### The data ###

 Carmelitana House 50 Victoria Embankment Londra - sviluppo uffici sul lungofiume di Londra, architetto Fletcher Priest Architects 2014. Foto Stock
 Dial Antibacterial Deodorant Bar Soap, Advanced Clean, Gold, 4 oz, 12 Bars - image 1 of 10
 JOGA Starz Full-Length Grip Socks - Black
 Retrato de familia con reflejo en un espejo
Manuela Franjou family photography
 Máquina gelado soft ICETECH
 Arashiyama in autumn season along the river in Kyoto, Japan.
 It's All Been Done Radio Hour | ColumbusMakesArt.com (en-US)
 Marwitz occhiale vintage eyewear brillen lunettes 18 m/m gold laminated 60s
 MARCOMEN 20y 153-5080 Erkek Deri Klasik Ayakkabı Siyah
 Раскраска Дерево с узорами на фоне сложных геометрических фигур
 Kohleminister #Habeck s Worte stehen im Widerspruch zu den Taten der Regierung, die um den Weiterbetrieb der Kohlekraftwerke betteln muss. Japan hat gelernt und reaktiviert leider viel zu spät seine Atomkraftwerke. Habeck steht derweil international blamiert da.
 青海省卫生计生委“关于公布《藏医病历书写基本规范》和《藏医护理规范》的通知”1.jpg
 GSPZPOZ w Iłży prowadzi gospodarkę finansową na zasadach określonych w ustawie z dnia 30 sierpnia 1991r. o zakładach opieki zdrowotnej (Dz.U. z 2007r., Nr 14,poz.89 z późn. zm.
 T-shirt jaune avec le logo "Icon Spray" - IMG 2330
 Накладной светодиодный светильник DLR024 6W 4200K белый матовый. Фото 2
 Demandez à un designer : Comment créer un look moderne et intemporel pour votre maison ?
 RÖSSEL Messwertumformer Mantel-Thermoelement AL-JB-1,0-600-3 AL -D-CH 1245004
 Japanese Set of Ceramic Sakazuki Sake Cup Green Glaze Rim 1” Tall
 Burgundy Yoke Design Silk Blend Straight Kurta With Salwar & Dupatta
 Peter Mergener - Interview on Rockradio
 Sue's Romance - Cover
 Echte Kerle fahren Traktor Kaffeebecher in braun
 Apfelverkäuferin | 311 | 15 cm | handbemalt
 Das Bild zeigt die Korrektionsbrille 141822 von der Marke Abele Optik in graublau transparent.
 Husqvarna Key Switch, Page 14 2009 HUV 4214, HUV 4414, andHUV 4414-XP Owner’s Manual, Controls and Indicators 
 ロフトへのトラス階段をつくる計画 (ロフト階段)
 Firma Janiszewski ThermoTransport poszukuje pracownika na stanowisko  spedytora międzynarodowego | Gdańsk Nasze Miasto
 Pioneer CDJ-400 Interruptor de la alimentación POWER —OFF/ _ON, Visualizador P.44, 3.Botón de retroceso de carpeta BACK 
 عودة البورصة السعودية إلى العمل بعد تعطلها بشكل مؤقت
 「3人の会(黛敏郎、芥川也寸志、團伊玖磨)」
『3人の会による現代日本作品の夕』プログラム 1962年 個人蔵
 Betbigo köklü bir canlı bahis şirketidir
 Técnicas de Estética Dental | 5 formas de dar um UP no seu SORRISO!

###

Would you output, from the records above, exactly the run of lines that starts at the line containing "Manuela Franjou family photography" and ends at the line containing "Раскраска Дерево с", and only that run?

- [Task answer]
Manuela Franjou family photography
 Máquina gelado soft ICETECH
 Arashiyama in autumn season along the river in Kyoto, Japan.
 It's All Been Done Radio Hour | ColumbusMakesArt.com (en-US)
 Marwitz occhiale vintage eyewear brillen lunettes 18 m/m gold laminated 60s
 MARCOMEN 20y 153-5080 Erkek Deri Klasik Ayakkabı Siyah
 Раскраска Дерево с узорами на фоне сложных геометрических фигур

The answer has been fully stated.